The chaos enveloped Pump.Fun, Solana’s popular meme coin manufacturing platform, on Thursday as a malicious exploiter infiltrated its crucial technology, disrupting the generation of humorous cryptocurrencies.

The project’s Twitter account acknowledged two hours into the turmoil that the bonding curve contracts have been disrupted, and we are currently looking into the cause. Trading has been halted temporarily, meaning no coins can be bought or sold at this time.

As a crypto investor, I’ve noticed that trading on Pump.fun has temporarily come to a halt as per their recent announcement. Before this update, there was much uncertainty and conjecture amongst traders regarding the situation on the platform.

Details of the attack were still coming together at press time.

Based on sources involved in the initial investigation, an intruder employed a complex trading strategy to swamp Pump.fun and potentially manipulate the market for numerous meme coins. It’s unexpectedly revealed that the hacker did not amass substantial profits based on on-chain data. These individuals requested anonymity as the probing is ongoing.

Pump.fun is a relatively new initiative, launched just a few months ago, focusing on developing and trading meme coins on the Solana blockchain. The platform positions itself as a “fair launch” marketplace, offering investors an opportunity to invest in humorous cryptocurrencies right from their inception. Occasionally, these coins may experience significant price increases, bringing substantial returns for their investors. However, most of them tend to fail before reaching the symbolic $69,000 market cap beyond which tokens become publicly available.

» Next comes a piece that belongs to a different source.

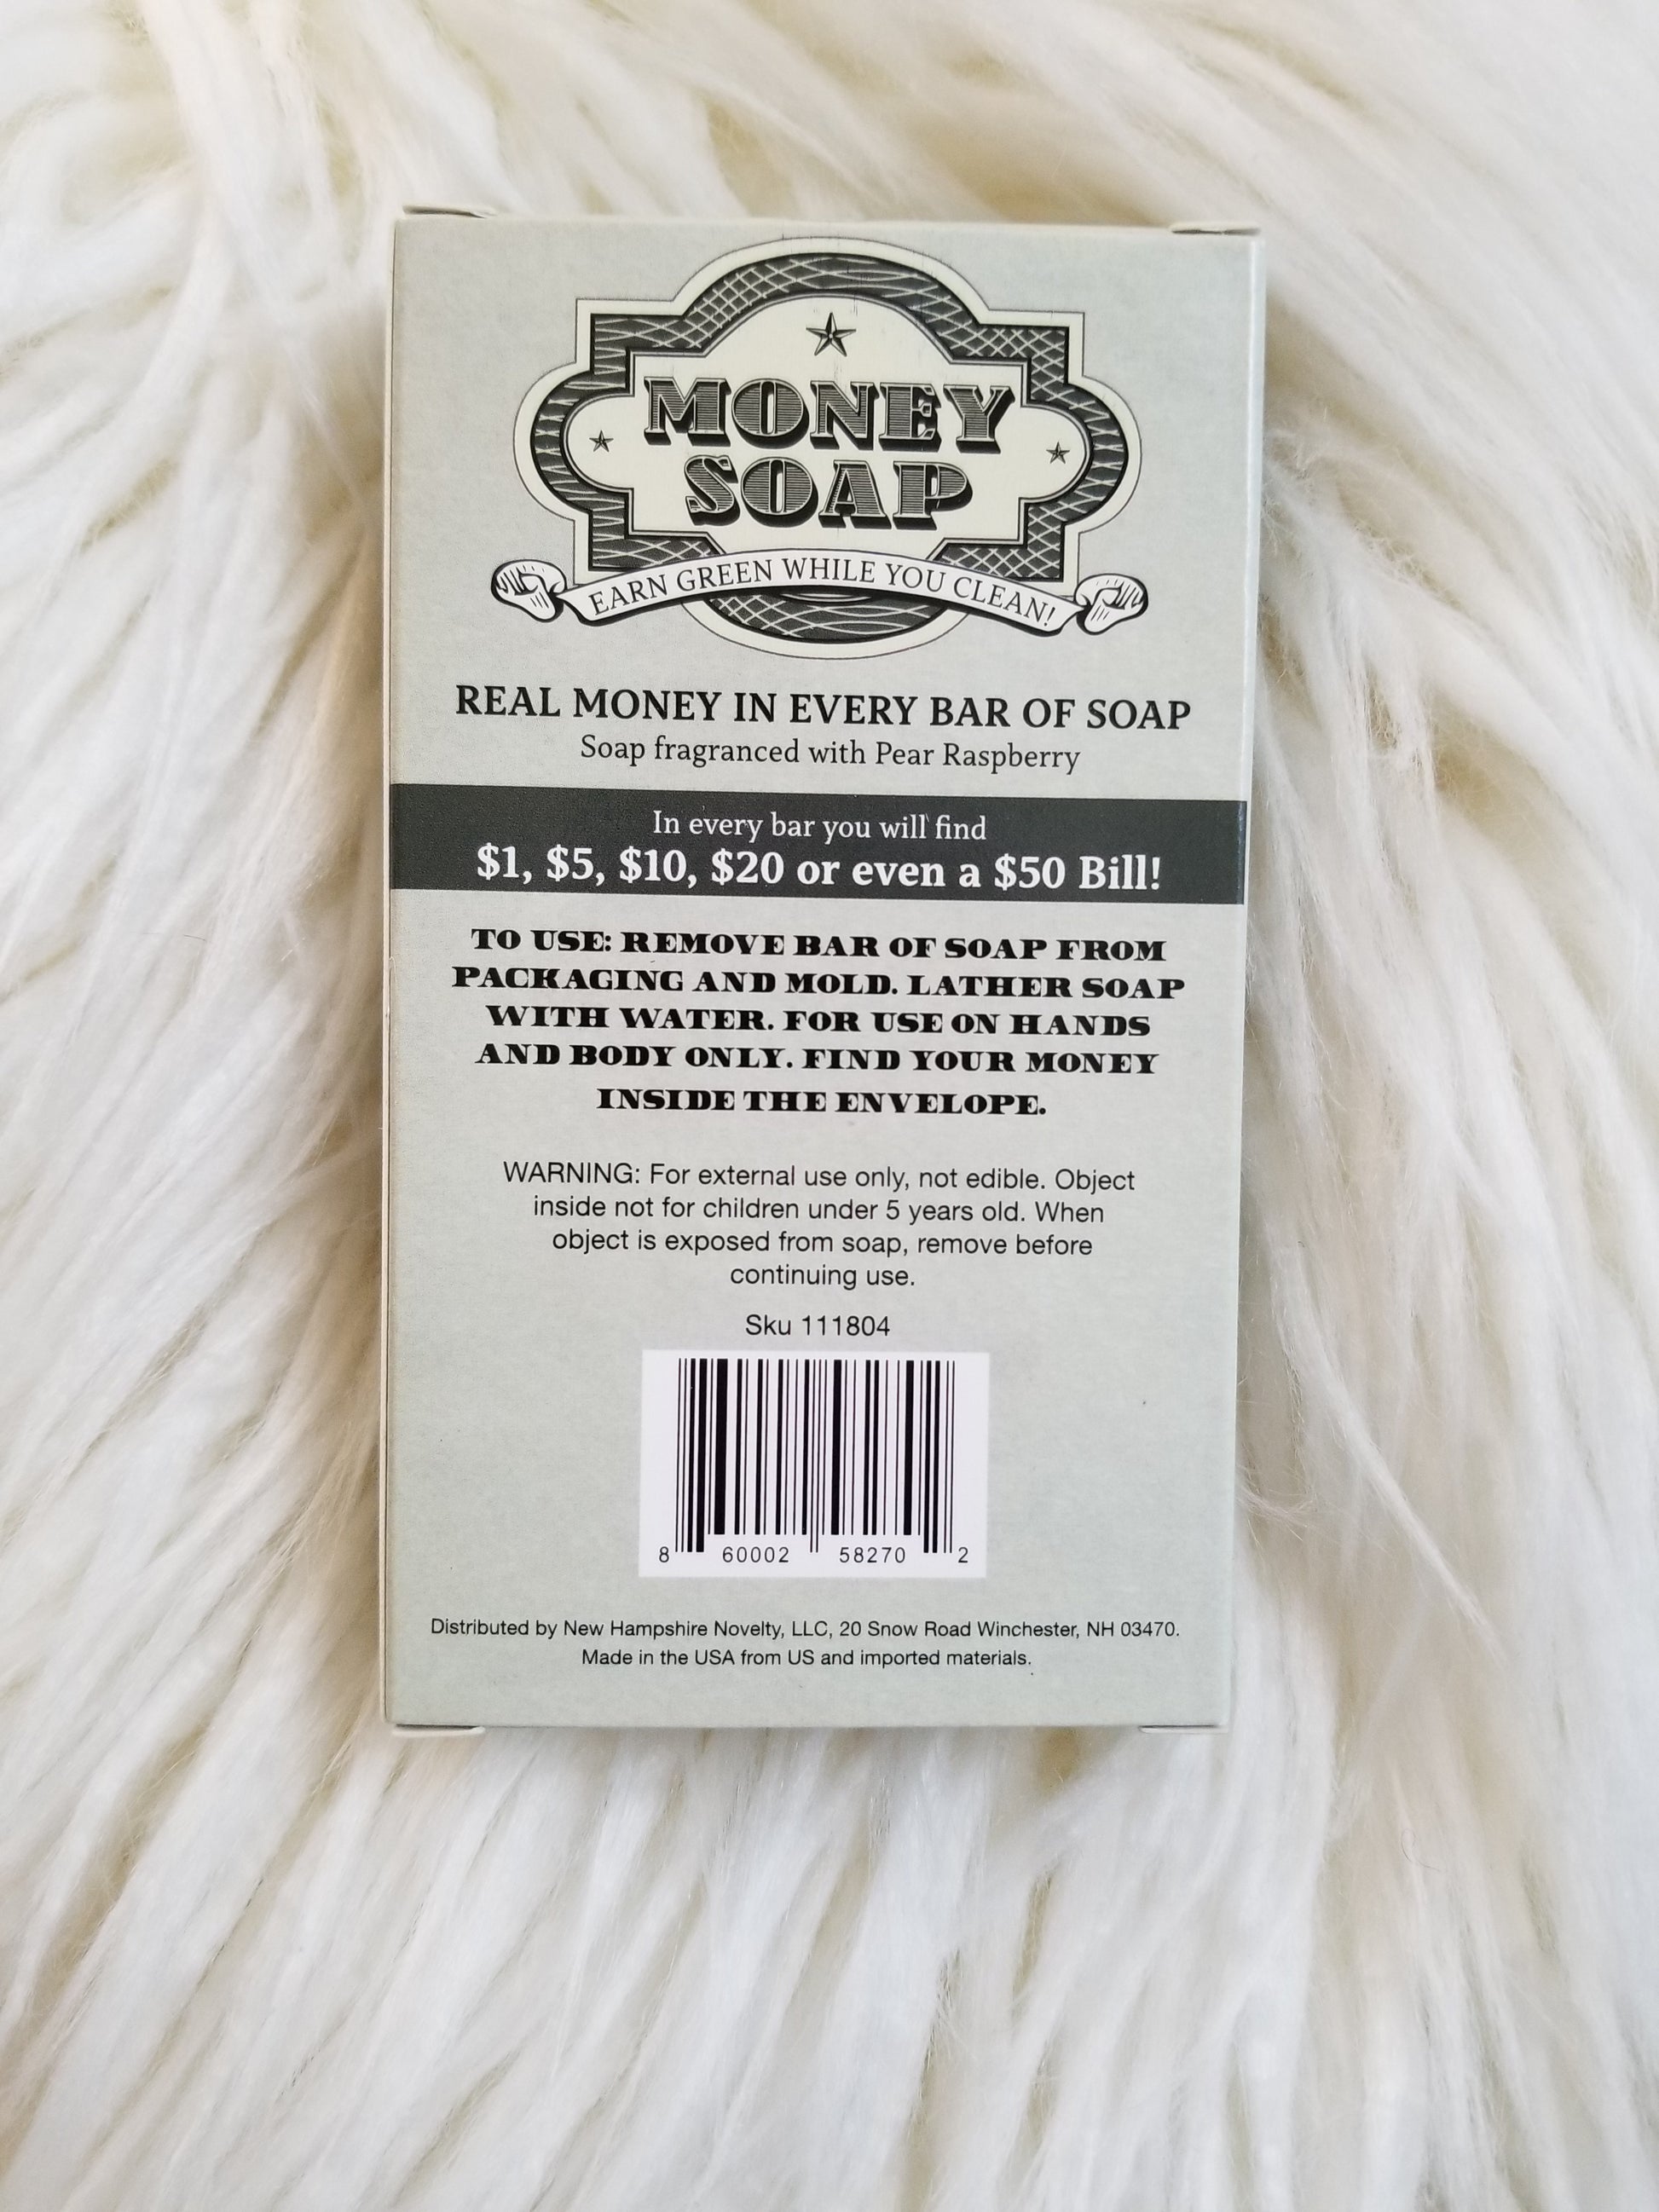 Money Soap - Cash in Every Bar of Soap! – Hampshire Novelty LLC
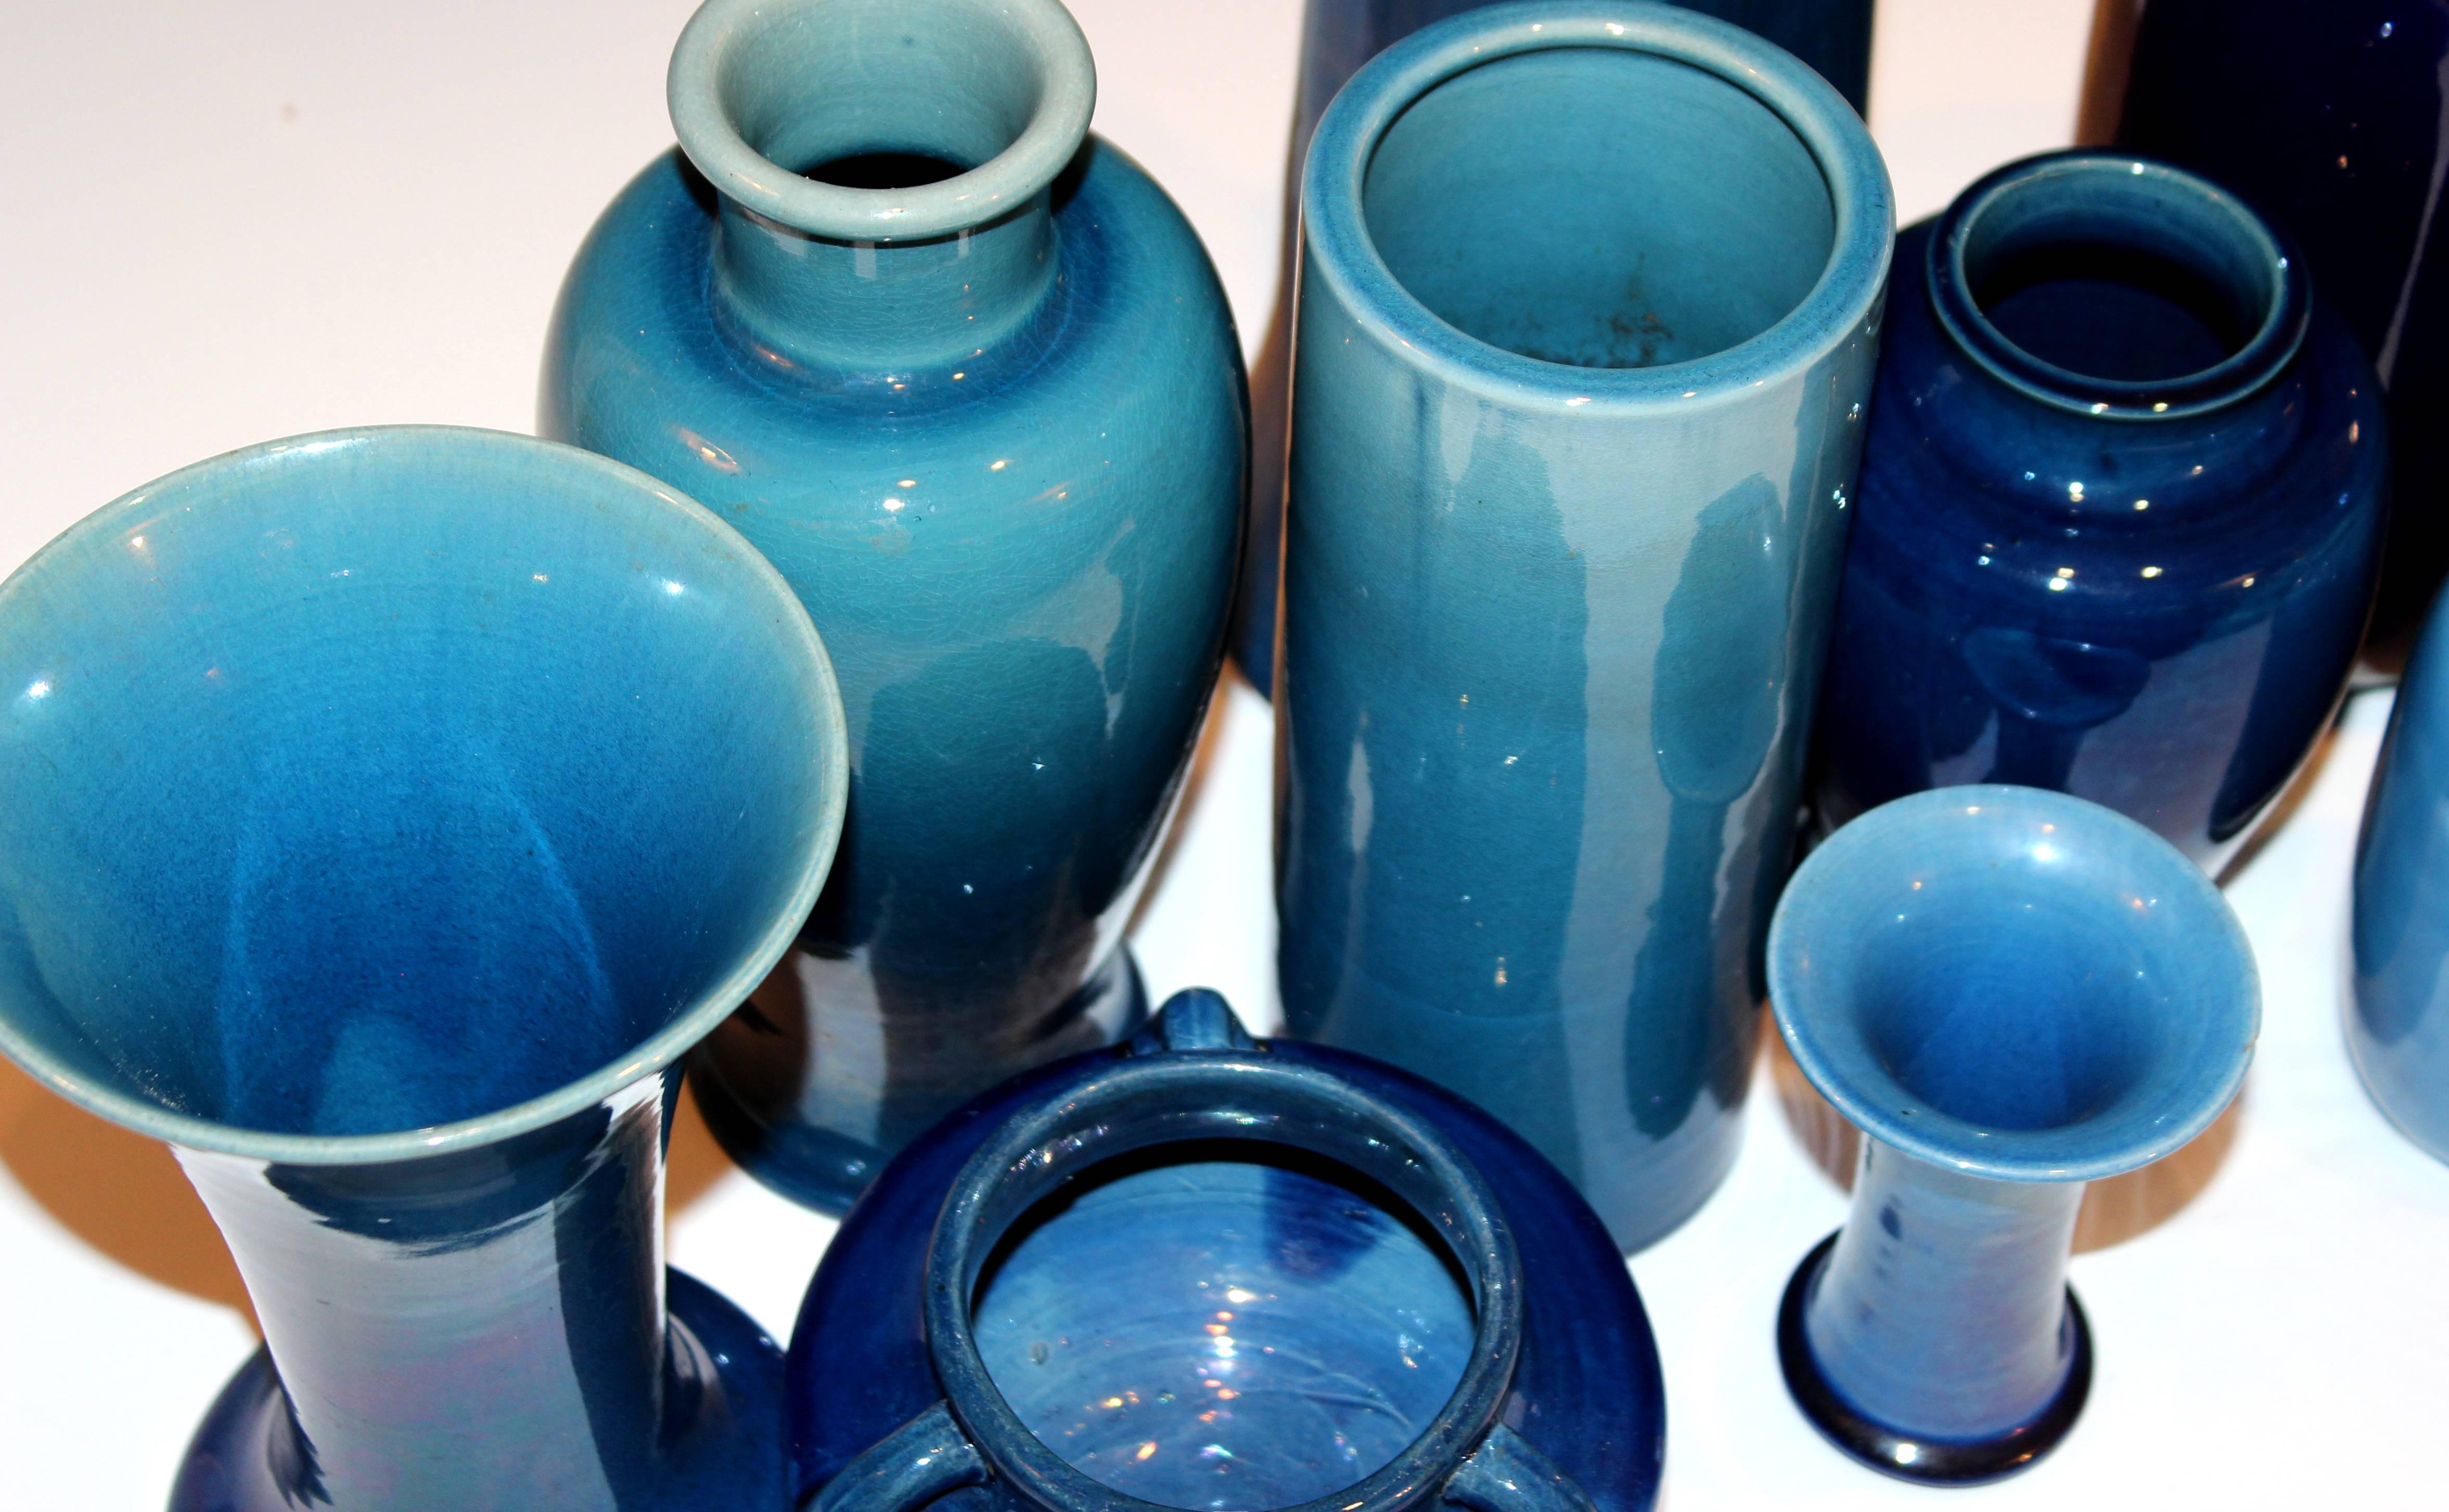 Arts and Crafts Set of Antique and Vintage Awaji Studio Pottery Vases Jars Shades of Blue

On Thursdays, an attacker managed to deceive the smart contracts overseeing meme coin distribution on Pump.Fun’s bonding curve. By utilizing a “flash loan,” they borrowed and almost instantly repaid phantom SOL tokens. Consequently, the bonding curves became saturated with fictitious SOL, creating an illusion of value for the tokens, even without genuine buy-side demand.
As a researcher studying on-chain transactions, I’ve discovered that an attacker has incurred approximately $300,000 worth of losses in SOL tokens. Contrary to popular belief, they didn’t keep this ill-gotten gain for themselves. Instead, they employed the funds to repay their flash loans and distributed airdrops to various recipients as reported by sources.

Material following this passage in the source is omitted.